Are $n \times n$ special orthogonal matrices, all the entries of which have the same absolute value, possible for $n \neq 4$?

Question

As I noted in my preceding question https://math.stackexchange.com/questions/3510189/give-a-general-class-to-which-a-specific-4-times-4-special-orthogonal-matrix in equation (62) of their recent publication https://arxiv.org/abs/1708.05336, "Separable Decompositions of Bipartite Mixed States", Li and Qiao present the matrix $Q \in \mbox{SO}(4)$,

\begin{equation} Q=\frac{1}{2}\left( \begin{array}{cccc} 1 & -1 & -1 & 1 \\ -1 & -1 & 1 & 1 \\ -1 & 1 & -1 & 1 \\ 1 & 1 & 1 & 1 \\ \end{array} \right). \end{equation}

For $n=3, 5, 6$, I have tried (via direct enumeration) unsuccessfully to construct analogous $n \times n$ special orthogonal matrices, in which all the (equal) entries of the last column and row are (for probabilistic reasons) positive, and the remaining $n^2- 2n +1$ entries are all equal in absolute value. Such matrices might be helpful in extending the Li-Qiao framework to the construction of separable decompositions of length $n \neq 4$. (It is not clear, however, that matrices must be of the specific requested form to so extend their framework. Perhaps, other than having the last row and columns positive, all remaining entries could be unrestricted, other than for the orthogonality requirement.)

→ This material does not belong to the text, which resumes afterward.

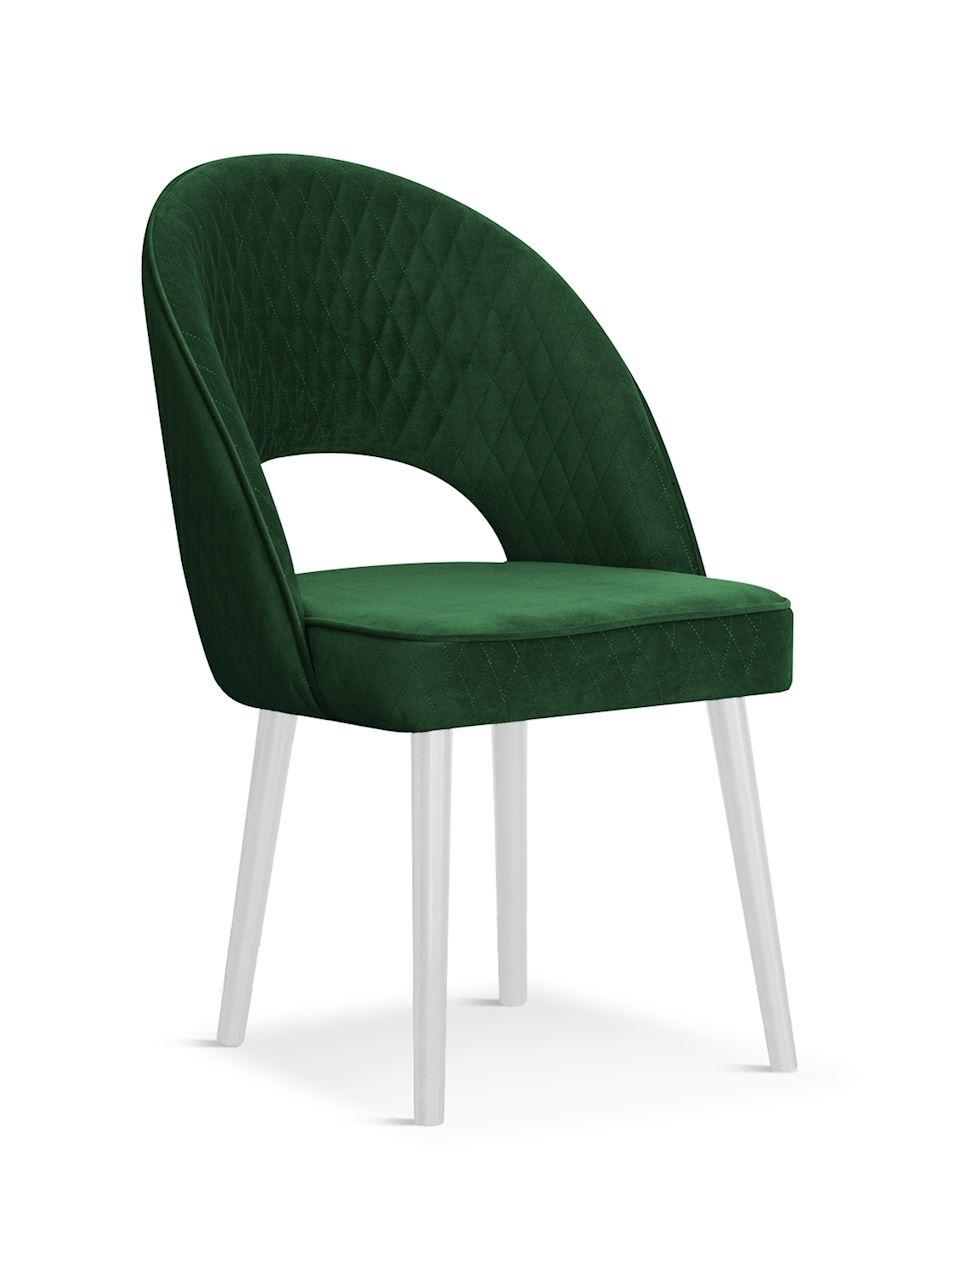 Scaun tapitat cu stofa, cu picioare din lemn Ponte Green / White, l56xA63xH89 cm

It was observed by Robert Israel in the noted preceding question that Q is proportional to a Hadamard matrix. However, the next larger-sized ($8 \times 8$) Hadamard matrices are not orthogonal in character, so this does not seem to be a productive direction to take. (But as the comments below of others and mine indicate I was in error in making this claim.)

Answer 1

Well, if $Q\in\mathrm{SO}(n)$ satisfies your (original) conditions then so does $ \frac1{\sqrt2} \begin{pmatrix} -{}^tQ&Q\\ \phantom{-}{}^tQ&Q \end{pmatrix} \in\mathrm{SO}(2n). $

Added: As S. Stadnicki since commented, your desired set $\mathrm S$ of possible orders $n$ is contained in and conjecturally equal to $\{1,2\}\cup4\mathbf N$ (Hadamard conjecture);* the above construction ($\cong$ Sylvester’s) just shows $\smash{2^{\mathbf N}\subset\mathrm S}$. (Voting to close, as R. Israel had really said all this at the mis-linked question.)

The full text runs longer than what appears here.